● **Activity**
Exact copy, no pictures: return only the lines below from the line with "Nike ISPA React WR Men's Shoe" up to and including the line with "0145610-PN Коврик (ковровая".

● **Dataset entries**
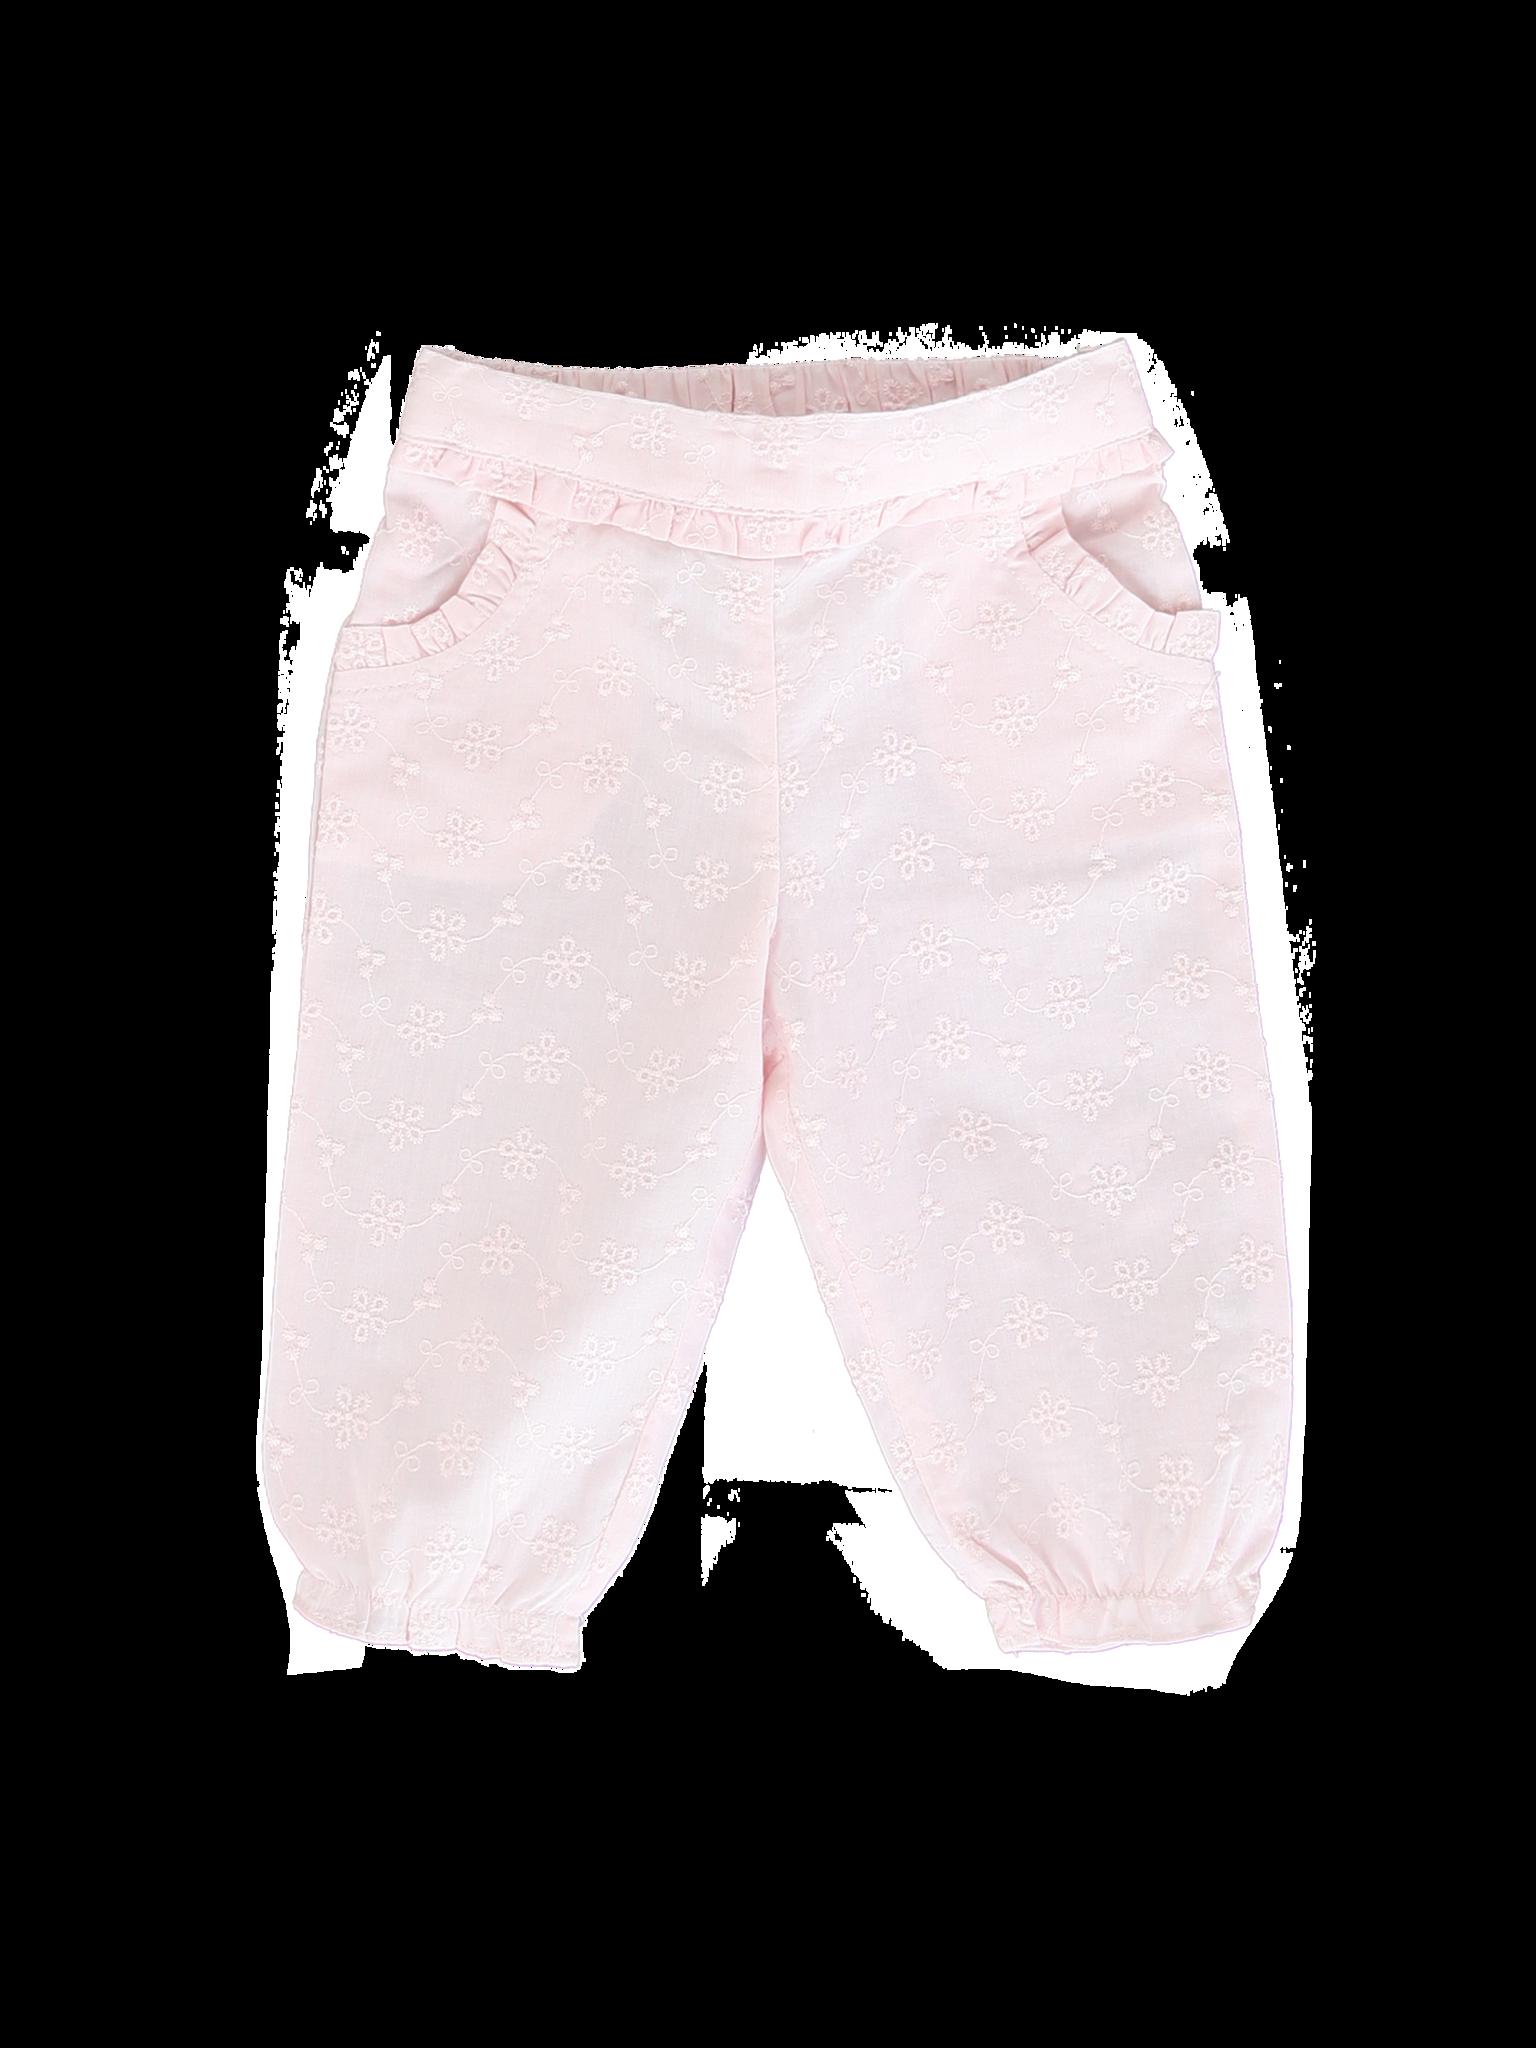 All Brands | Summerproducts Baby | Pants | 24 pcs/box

* * *

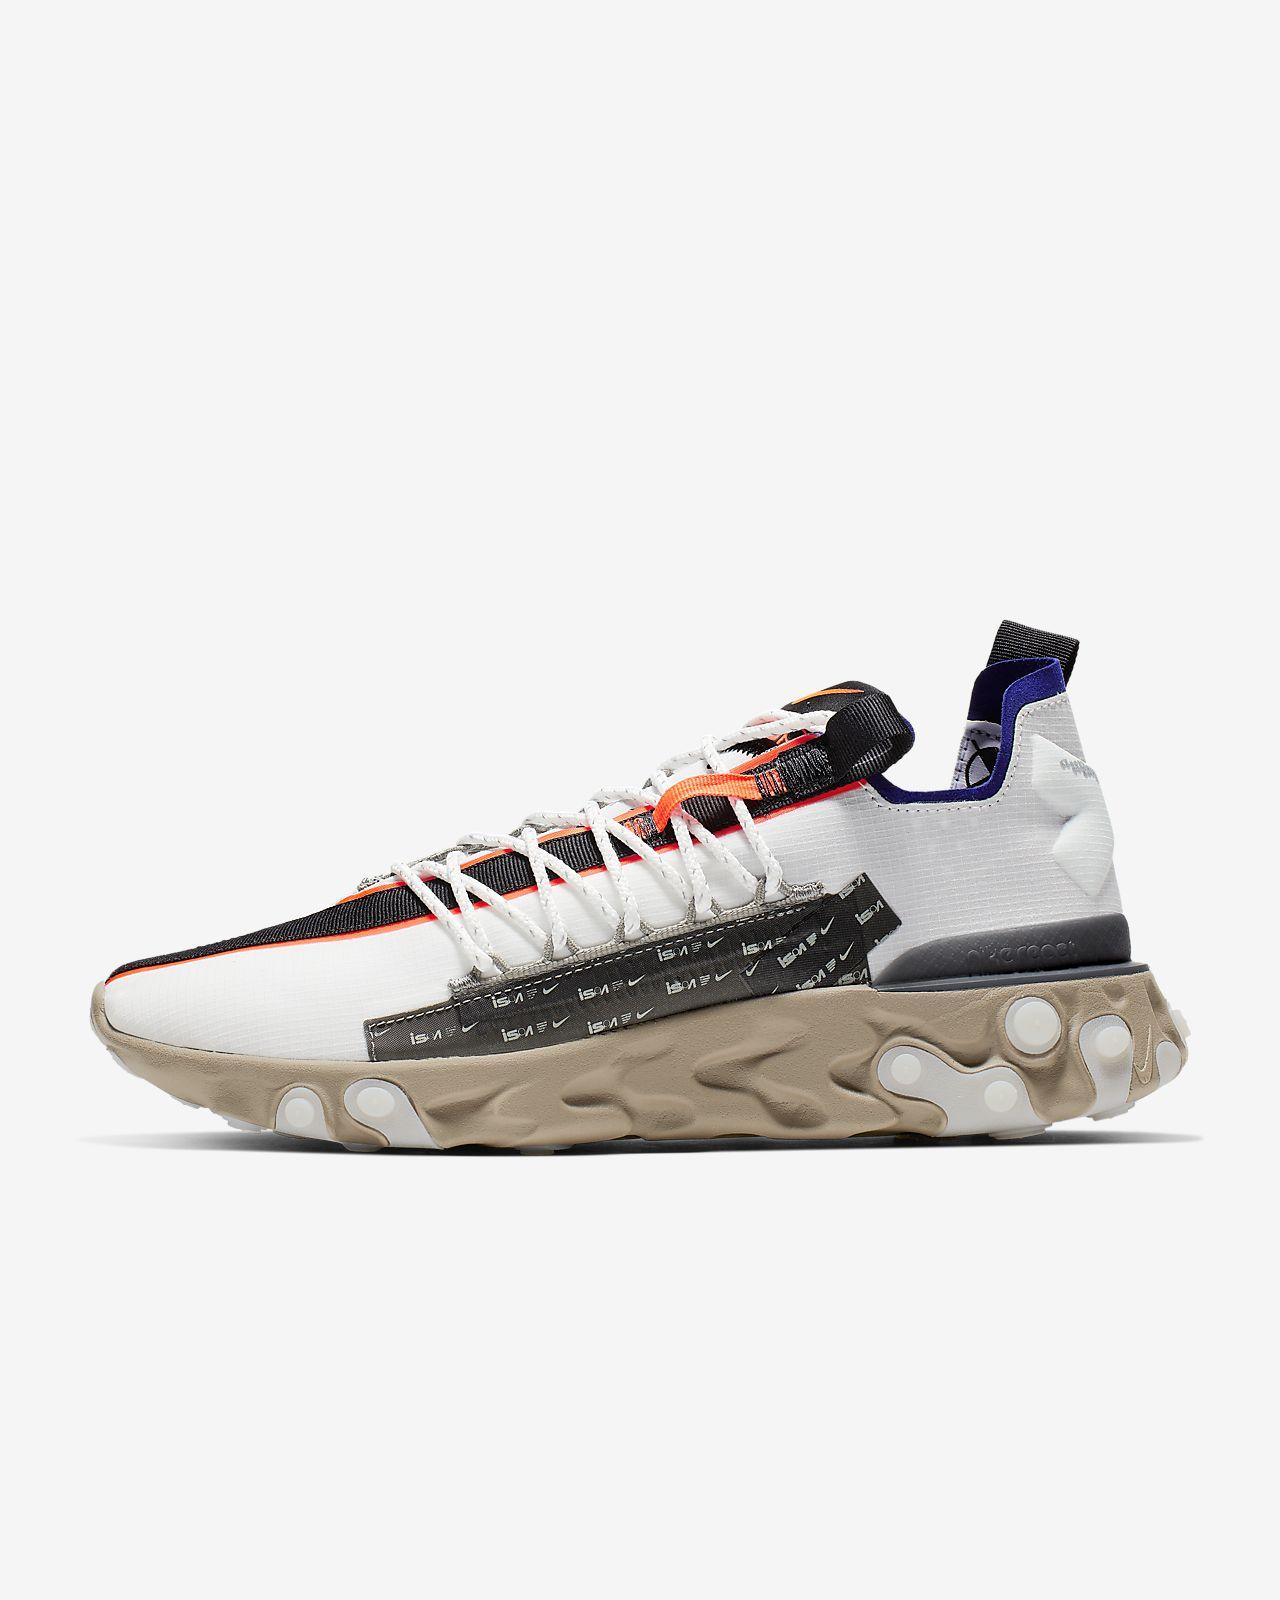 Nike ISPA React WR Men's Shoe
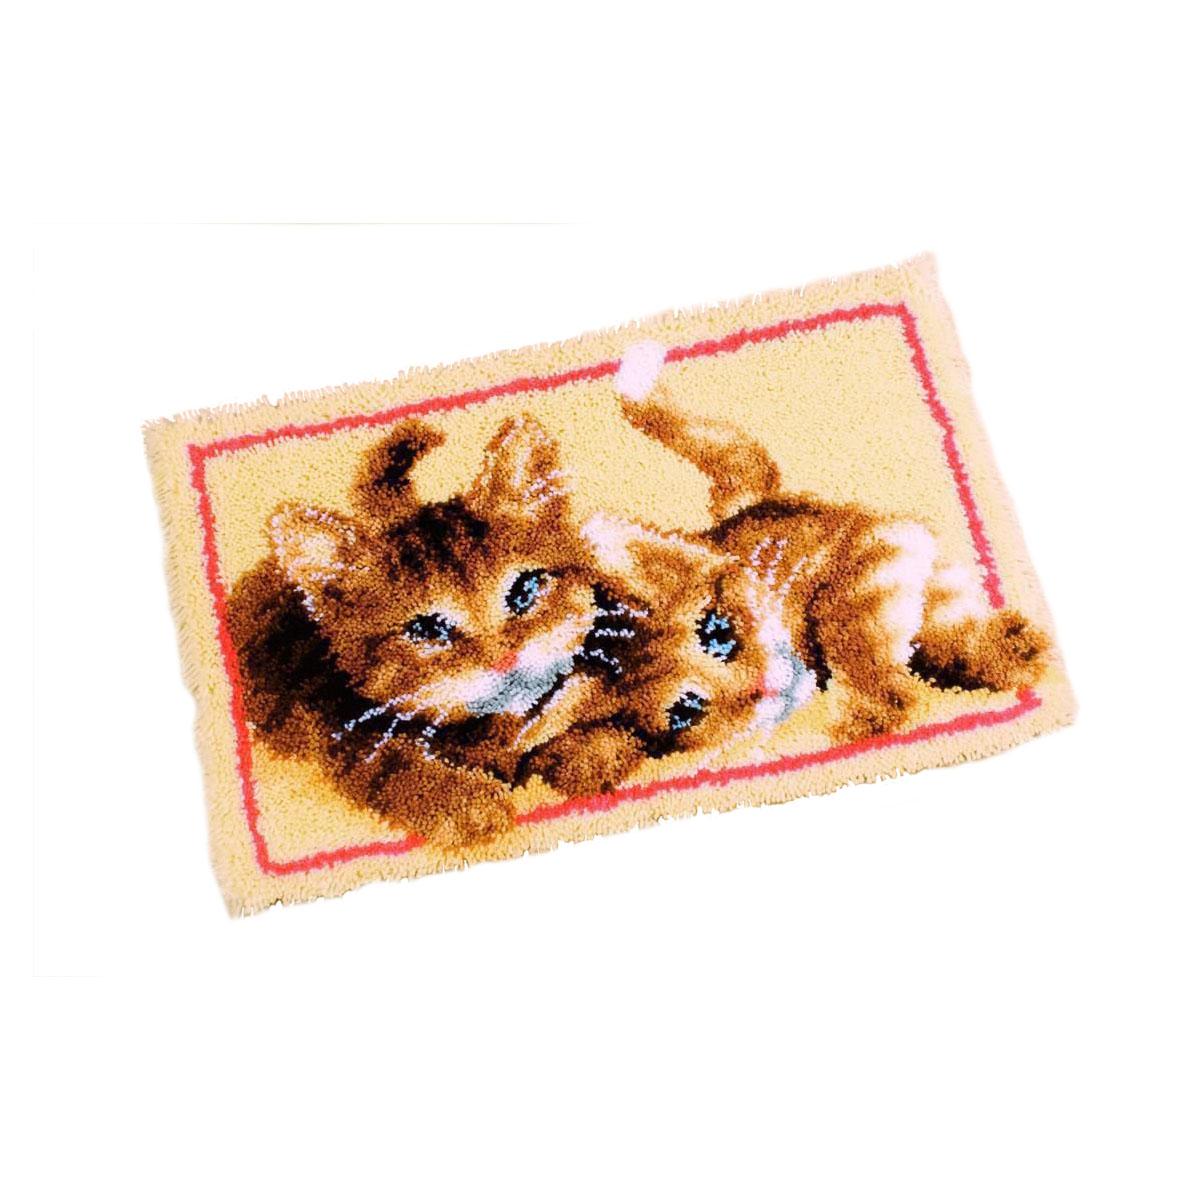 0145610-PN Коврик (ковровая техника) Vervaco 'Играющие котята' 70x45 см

● **Reply**
 Nike ISPA React WR Men's Shoe
 0145610-PN Коврик (ковровая техника) Vervaco 'Играющие котята' 70x45 см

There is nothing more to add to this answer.